- **The data**
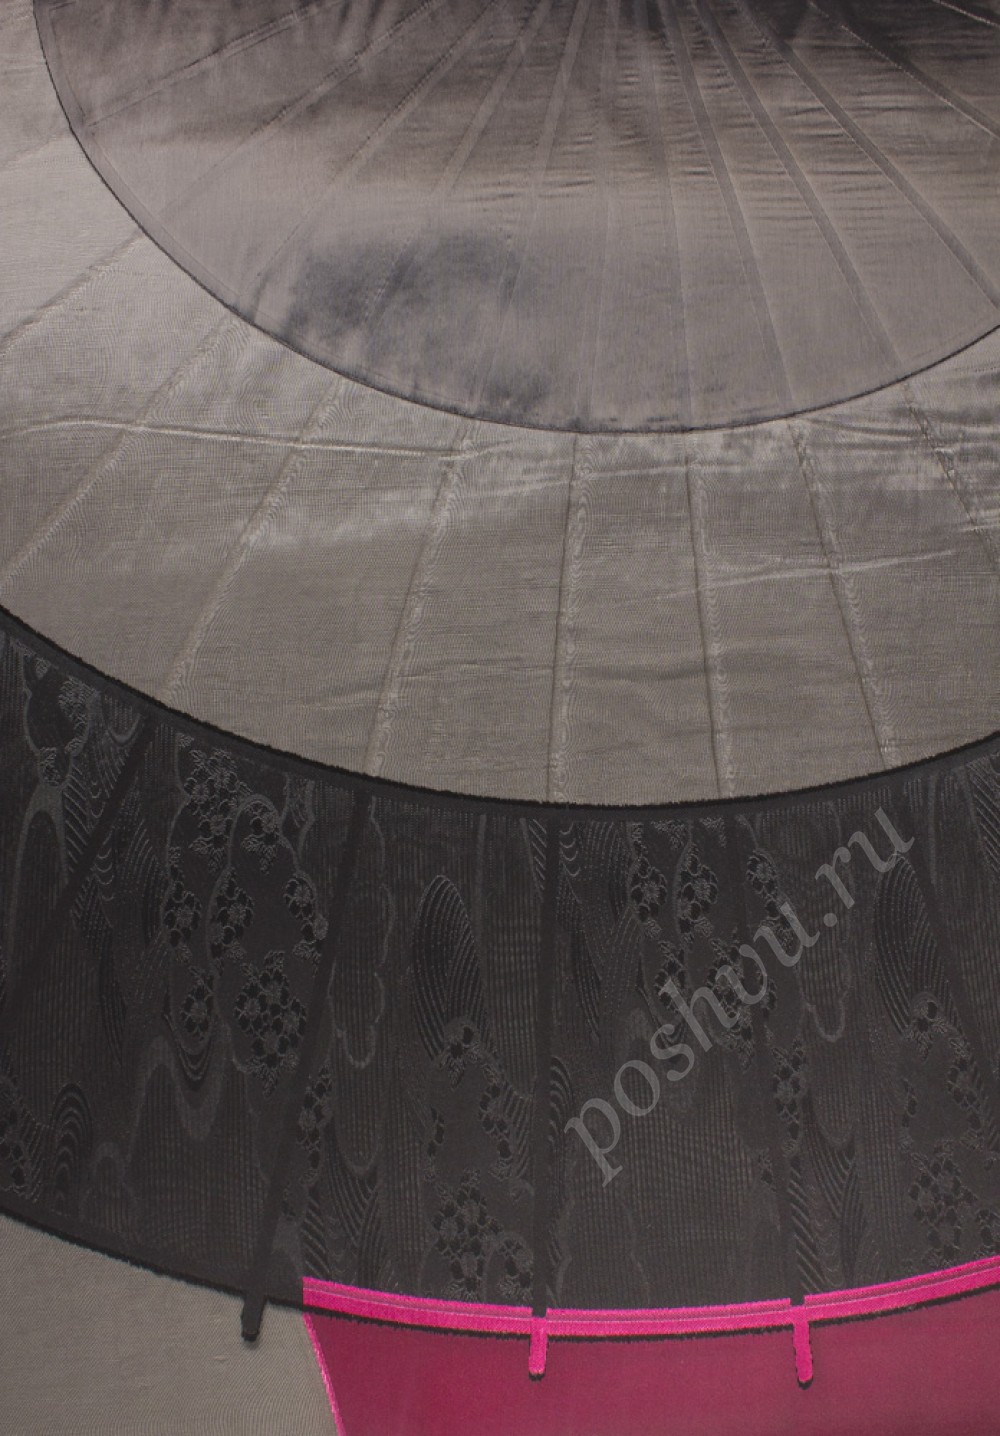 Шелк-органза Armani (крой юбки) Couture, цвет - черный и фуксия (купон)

==

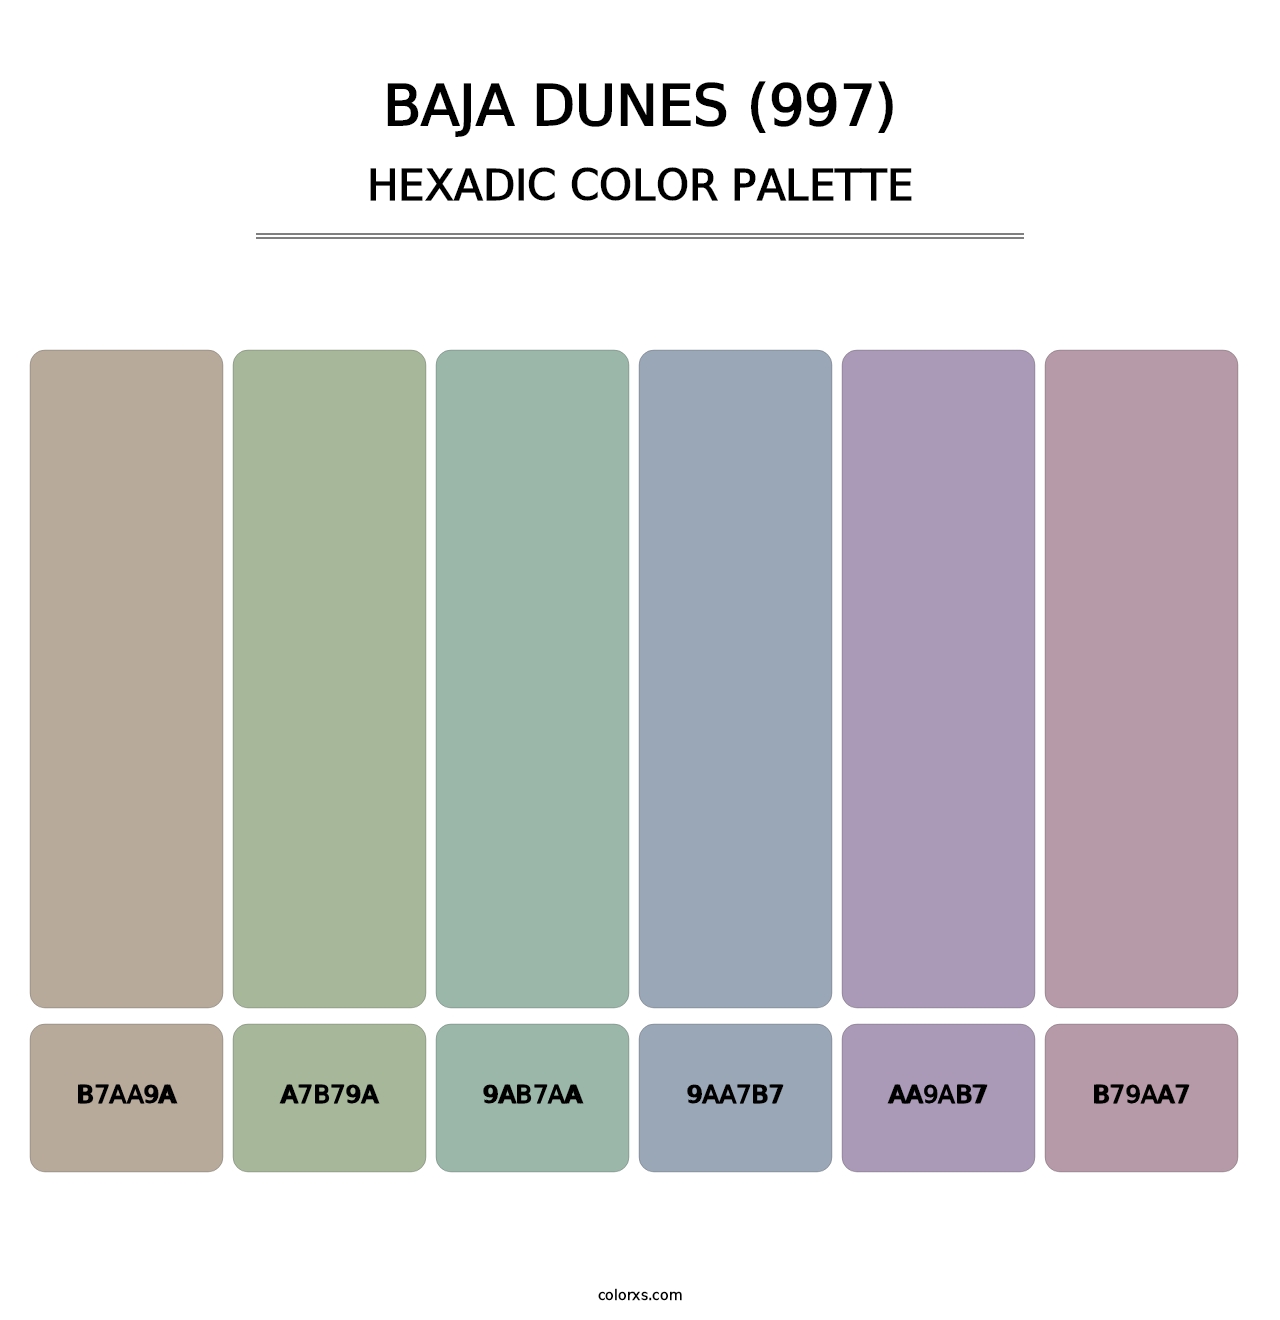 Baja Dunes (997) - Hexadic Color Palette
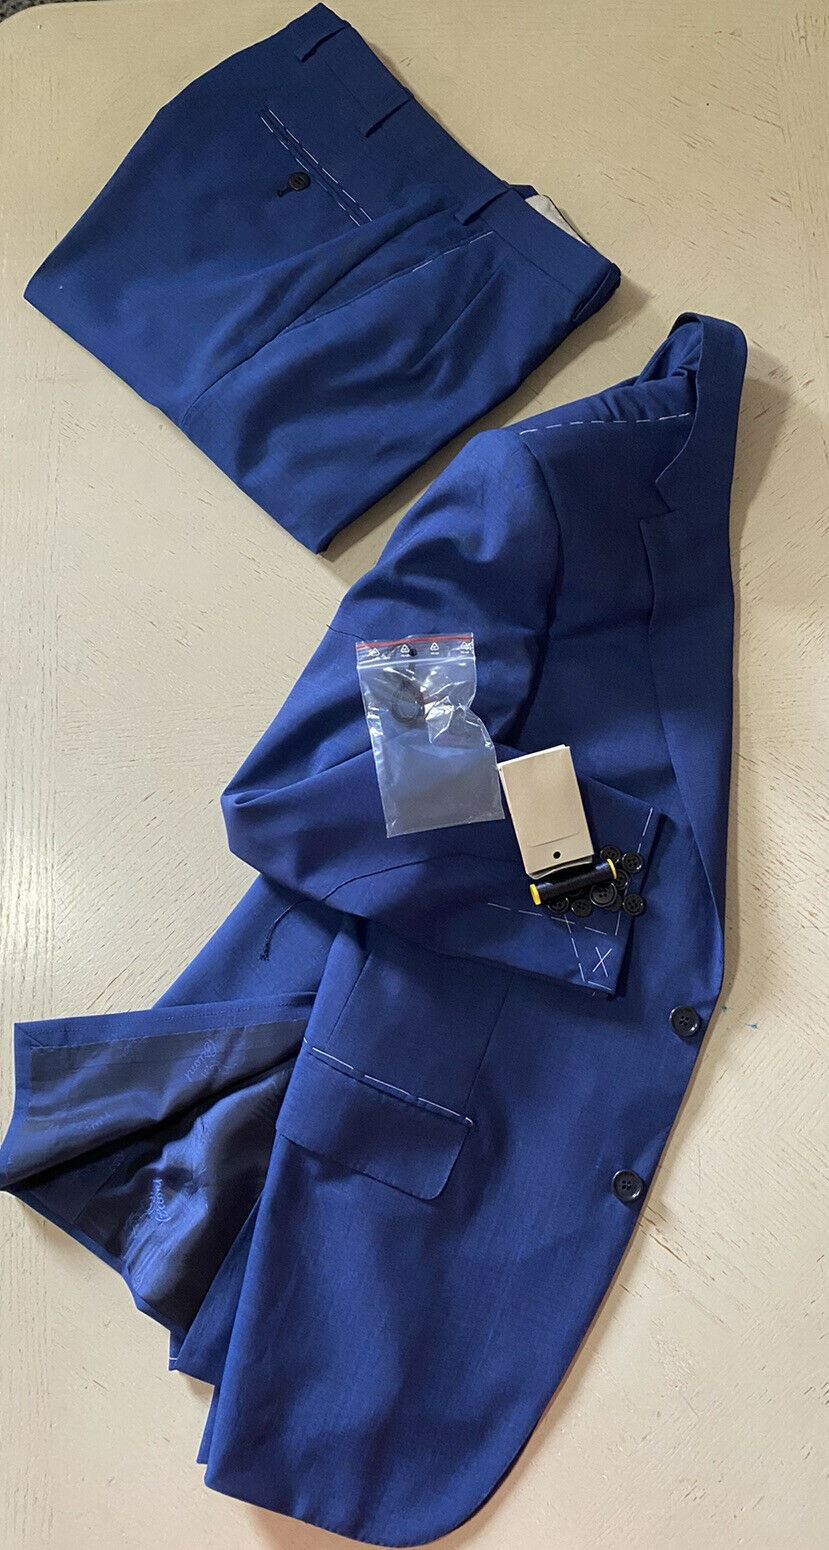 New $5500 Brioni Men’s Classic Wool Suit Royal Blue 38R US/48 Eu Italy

- **Description of the task**
Please return the data above exactly as it stands from the line with "Baja Dunes (997) - Hexadic Color Palette" to the line with "New $5500 Brioni", keeping both of those lines but none of the pictures.

- **Your solution**
 Baja Dunes (997) - Hexadic Color Palette
 New $5500 Brioni Men’s Classic Wool Suit Royal Blue 38R US/48 Eu Italy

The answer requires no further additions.